With more daylight and warmer temperatures beckoning, many people are ready to say goodbye to the winter doldrums and get active. If you’ve been holed up since Thanksgiving, however, lacing up your running shoes and heading out for a two-mile run may not be the best way to ease into a new exercise routine.

Spring is a great time to get moving, and our five-step guide can help you create a successful  and enjoyable  fitness plan.

Step 1: Talk with your doctor

Before you start working up a sweat, schedule a visit to your doctor to gauge on your overall health. Discuss any aches, pains or limitations that might impact your plans to get active. Talk about how to build a cardiovascular foundation that will lend itself to further activity.

Step 2: Make a plan

Exercise should be planned for a time in the day when you feel rested and have the most energy. If you are planning to exercise outside, avoid extreme temperatures (warmer than 85° F or colder than 32° F). Remember to dress appropriately for the weather and wear comfortable, supportive footwear. An indoor contingency plan for exercise can help you stay active even during spring showers.

Step 3: Warm up and cool down

Aerobic exercise, such as walking or biking, is recommended for those getting started with a new routine. Your exercise session should start with a warm-up period of slow walking or low-resistance bicycling and end with a cool-down segment at similar intensity.
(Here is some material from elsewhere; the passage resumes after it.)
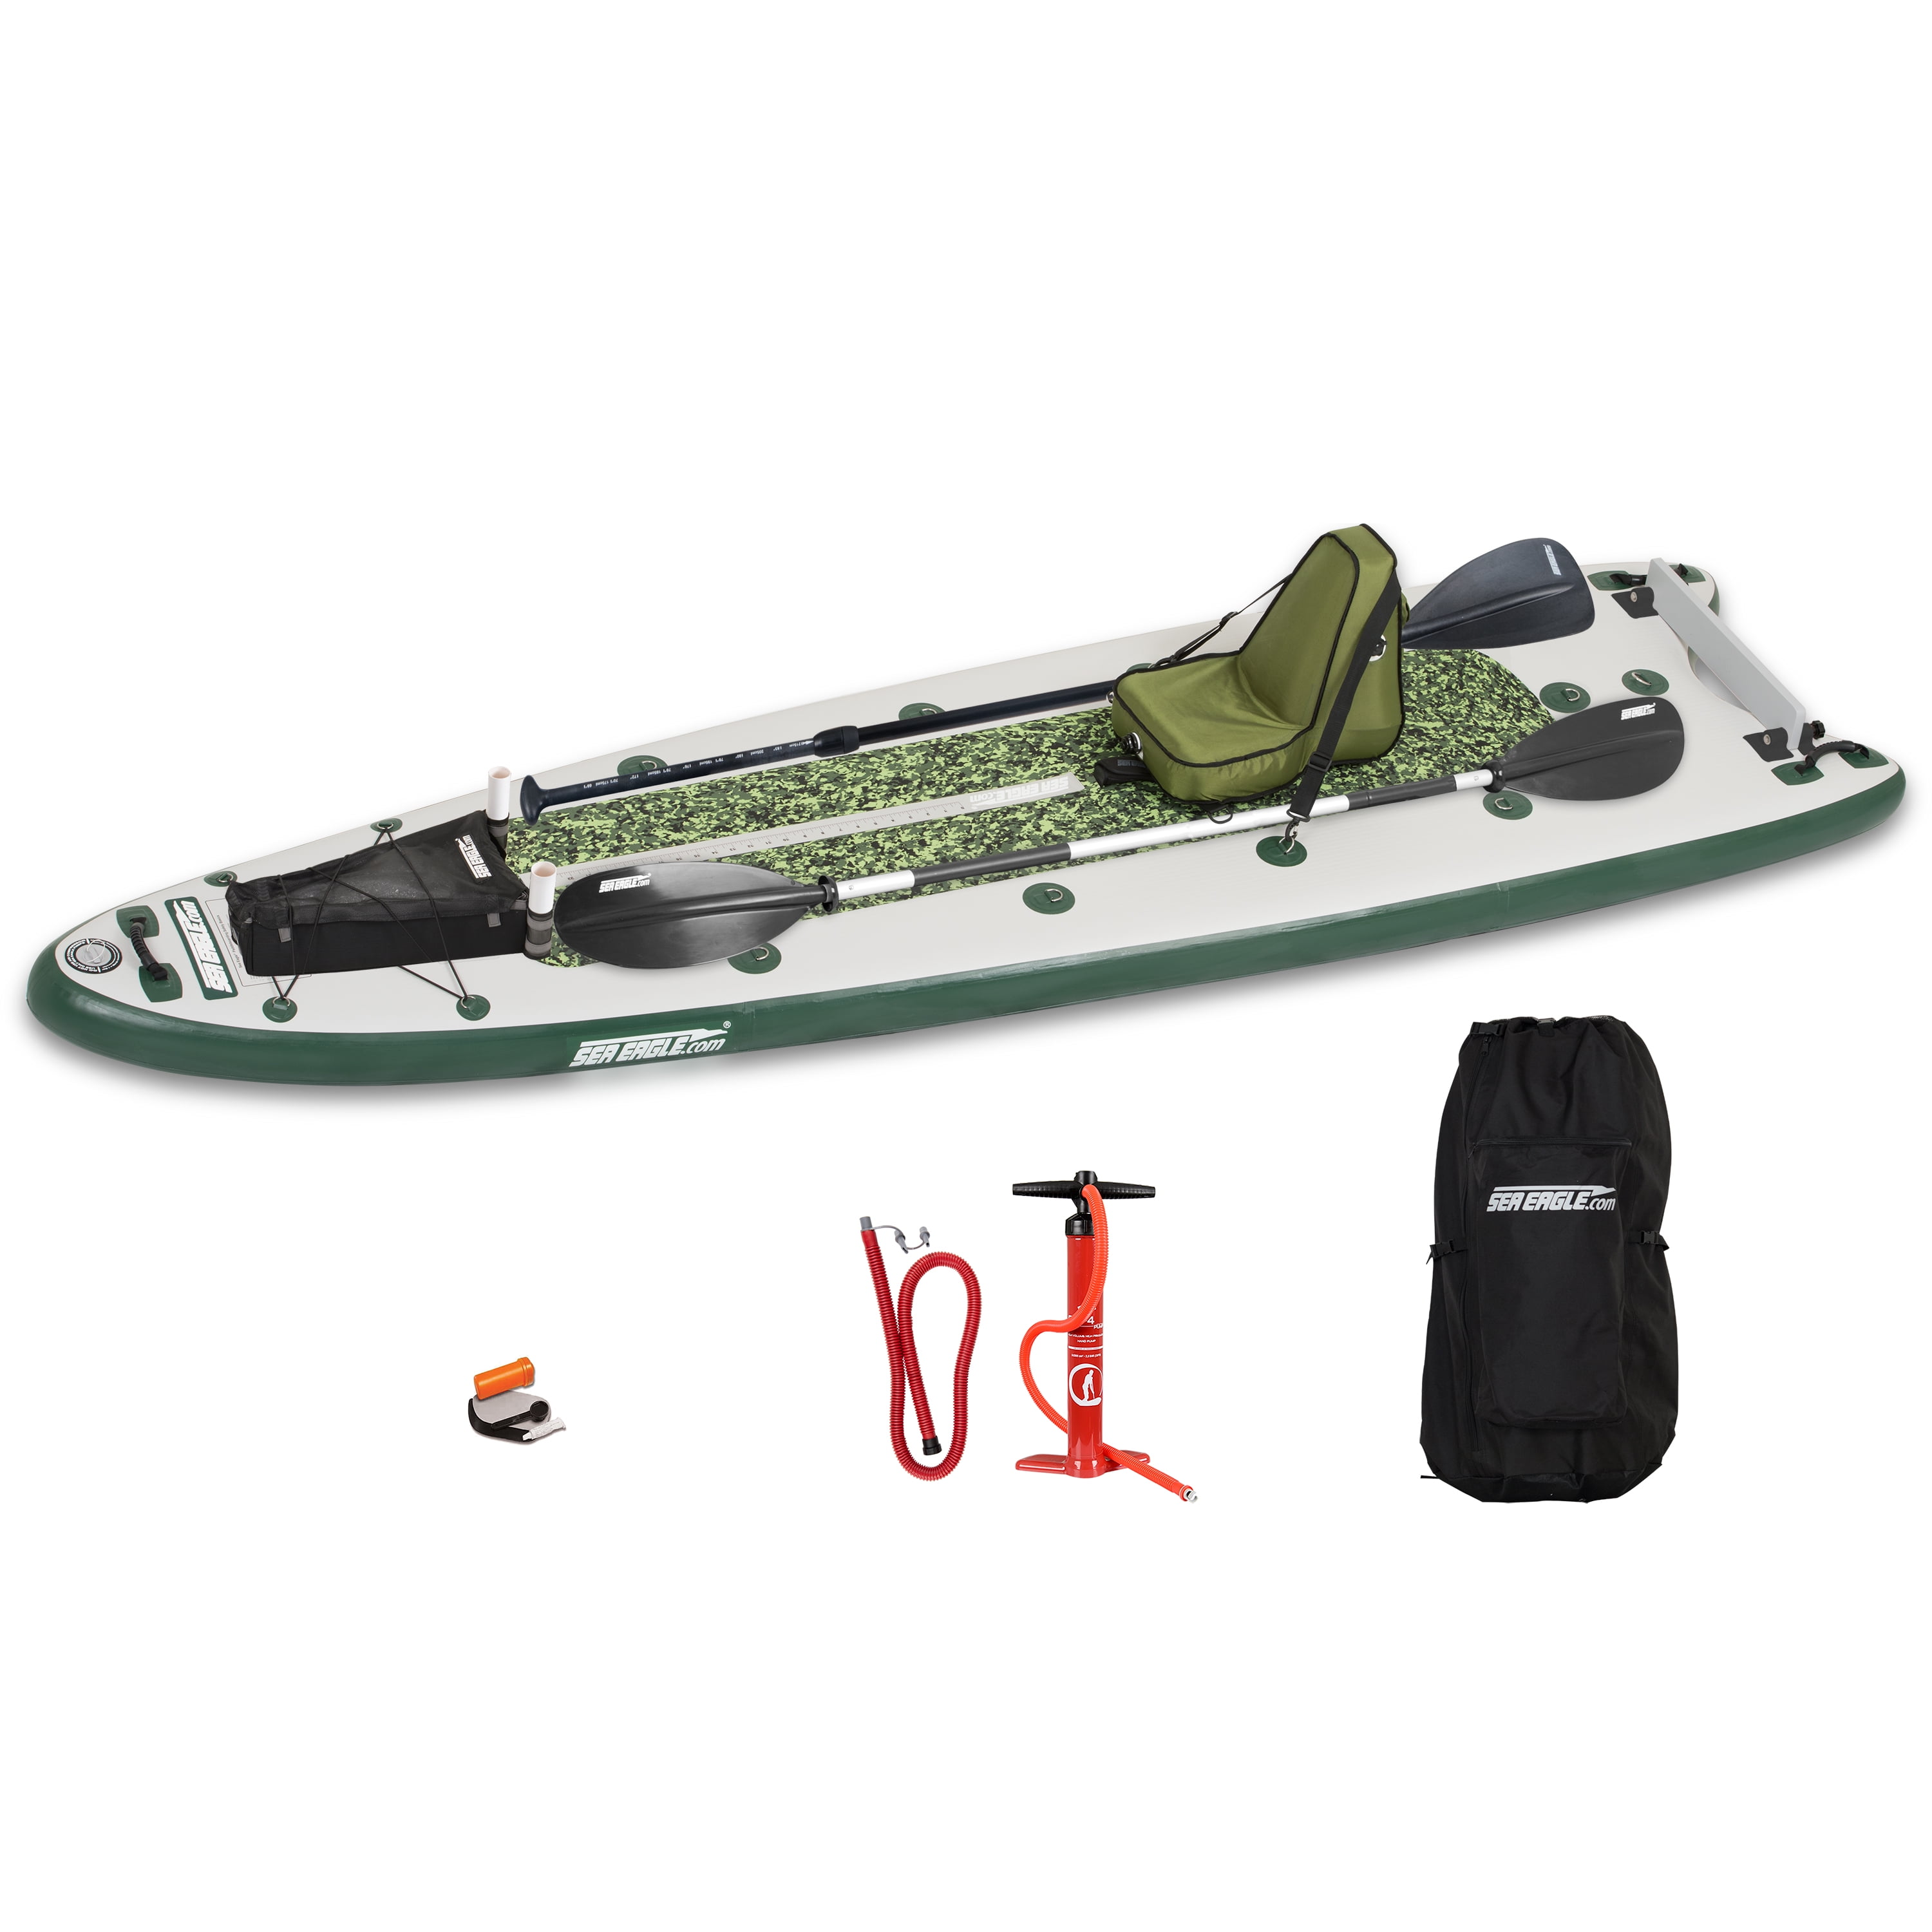 Sea Eagle FS126 12’6” Inflatable FishSUP Fishing Stand-Up Paddleboard  w/Paddle(s), Storage Box, Pump, Removable Transom, Backpack/Optional Seat -  Sit

At the end of exercise, stretch the major muscle groups used by holding each stretch for 20-30 seconds. This can minimize injury and fatigue and increase flexibility.
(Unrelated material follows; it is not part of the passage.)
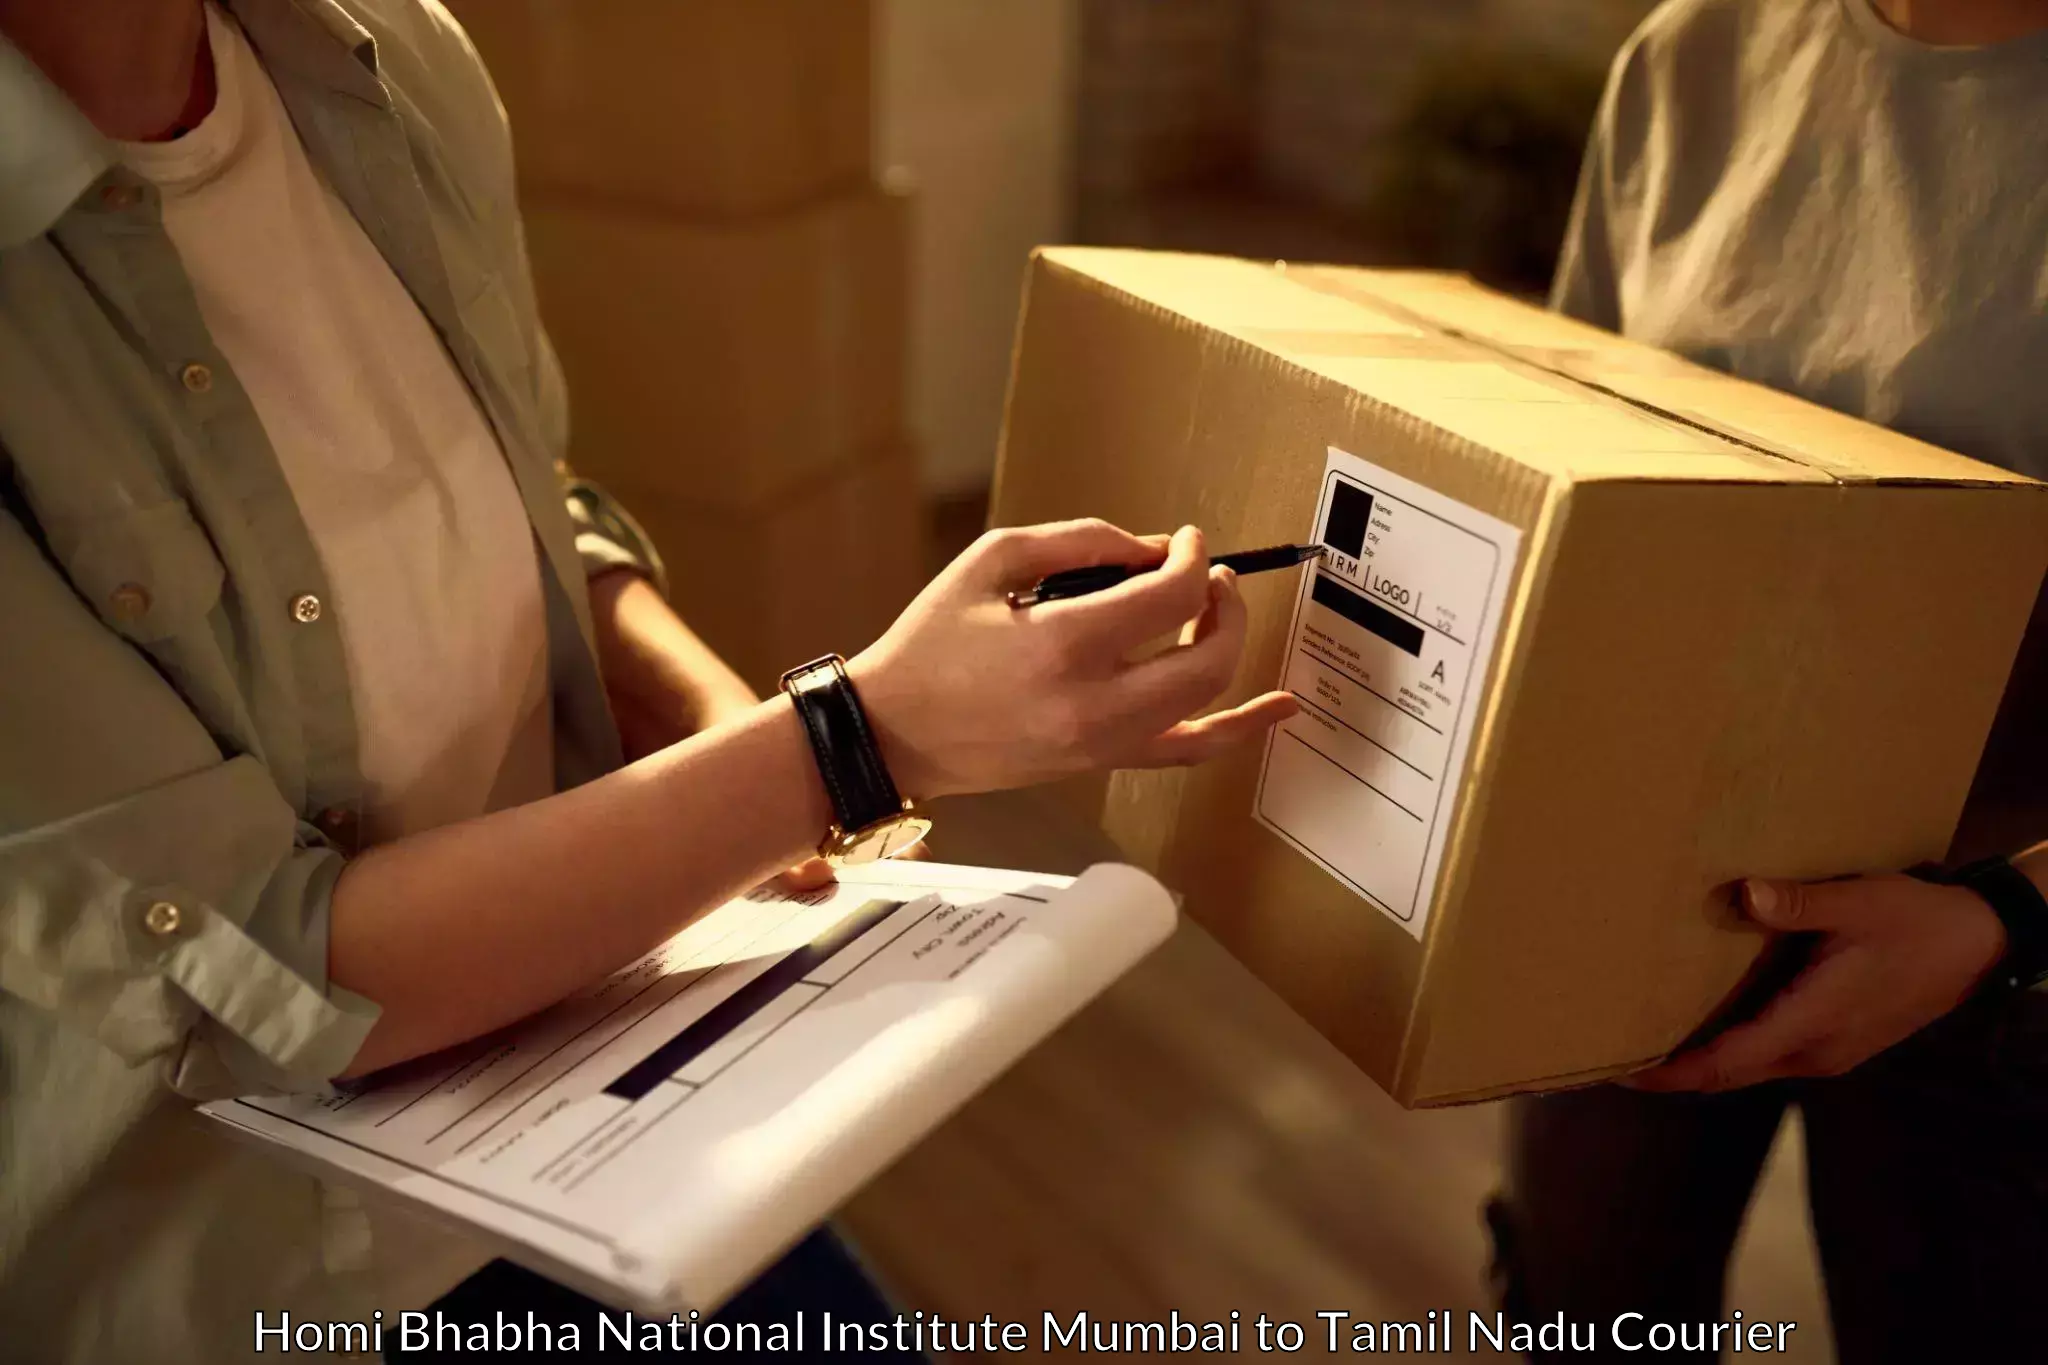 Nationwide parcel services Homi Bhabha National Institute Mumbai to Omalur

Step 4: Make it manageable

Begin your exercise routine with an amount of time that is manageable, something as short as a five-minute walk around the neighborhood. Once you’re comfortable exercising for that long, slowly increase the duration of your sessions. Don’t push yourself too hard, either. You should be able to maintain a conversation at all times of exercise without experiencing breathlessness.

Step 5: Stay active

Exercise shouldn’t be a slog, so make sure you’re doing something that you enjoy and makes you feel good. A successful start of a new routine will keep you motivated to continue and progress. Fitness trackers and fitness apps are additional options to stay engaged and monitor progress. Enlisting a companion for exercise will add an element of support and keep the activity enjoyable.